Triggering of the antigen T- and B-cell receptor leads to the initiation of multiple signalling pathways that regulate cellular proliferation, survival and effector function of T- and B-cells. Deregulation of lymphocyte activation may lead to lymphomas, inflammatory or autoimmune diseases.
The technology provides means, such as enzyme assays or screening methods, that make it possible to the test or screen for compounds that interfere in a signalling pathway regulating T- or B-cell function.

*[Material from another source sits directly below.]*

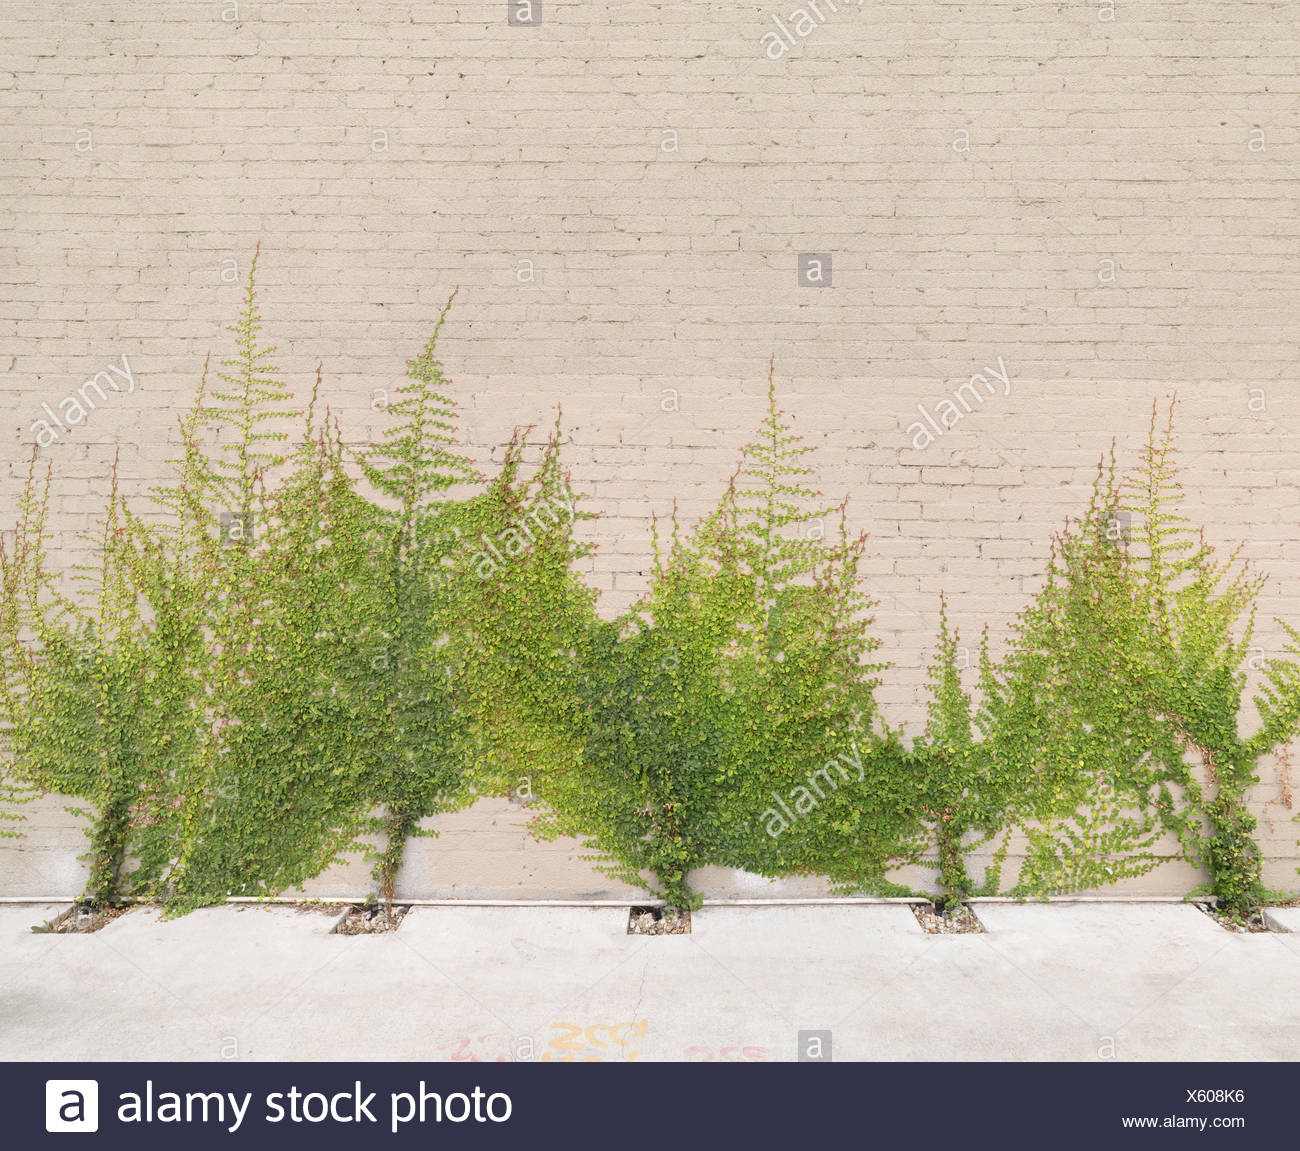 Tree-like Ivy growing on wall - Stock Image

The scientists have identified MALT1 proteolytic activity and described how MALT1 inhibition in lymphocytes results in impaired antigen receptor-induced activation of the transcription factor NF-kB and, as a consequence, impaired proliferation and cytokine production.
In addition, they have demonstrated activity of MALT1 in cell lines derived from a subtype of diffuse large B-cell lymphoma, suggesting that the newly identified MALT1 enzymatic activity is implicated in the development of this disease.
From this it follows that therapeutic targeting of the protease activity of MALT1 may be a useful approach for the treatment of autoimmune or inflammatory diseases, for the prevention of transplant rejection and the treatment of lymphomas. It may lead to the development of an innovative drug, targeting a newly identified key pathway controlling lymphocyte function.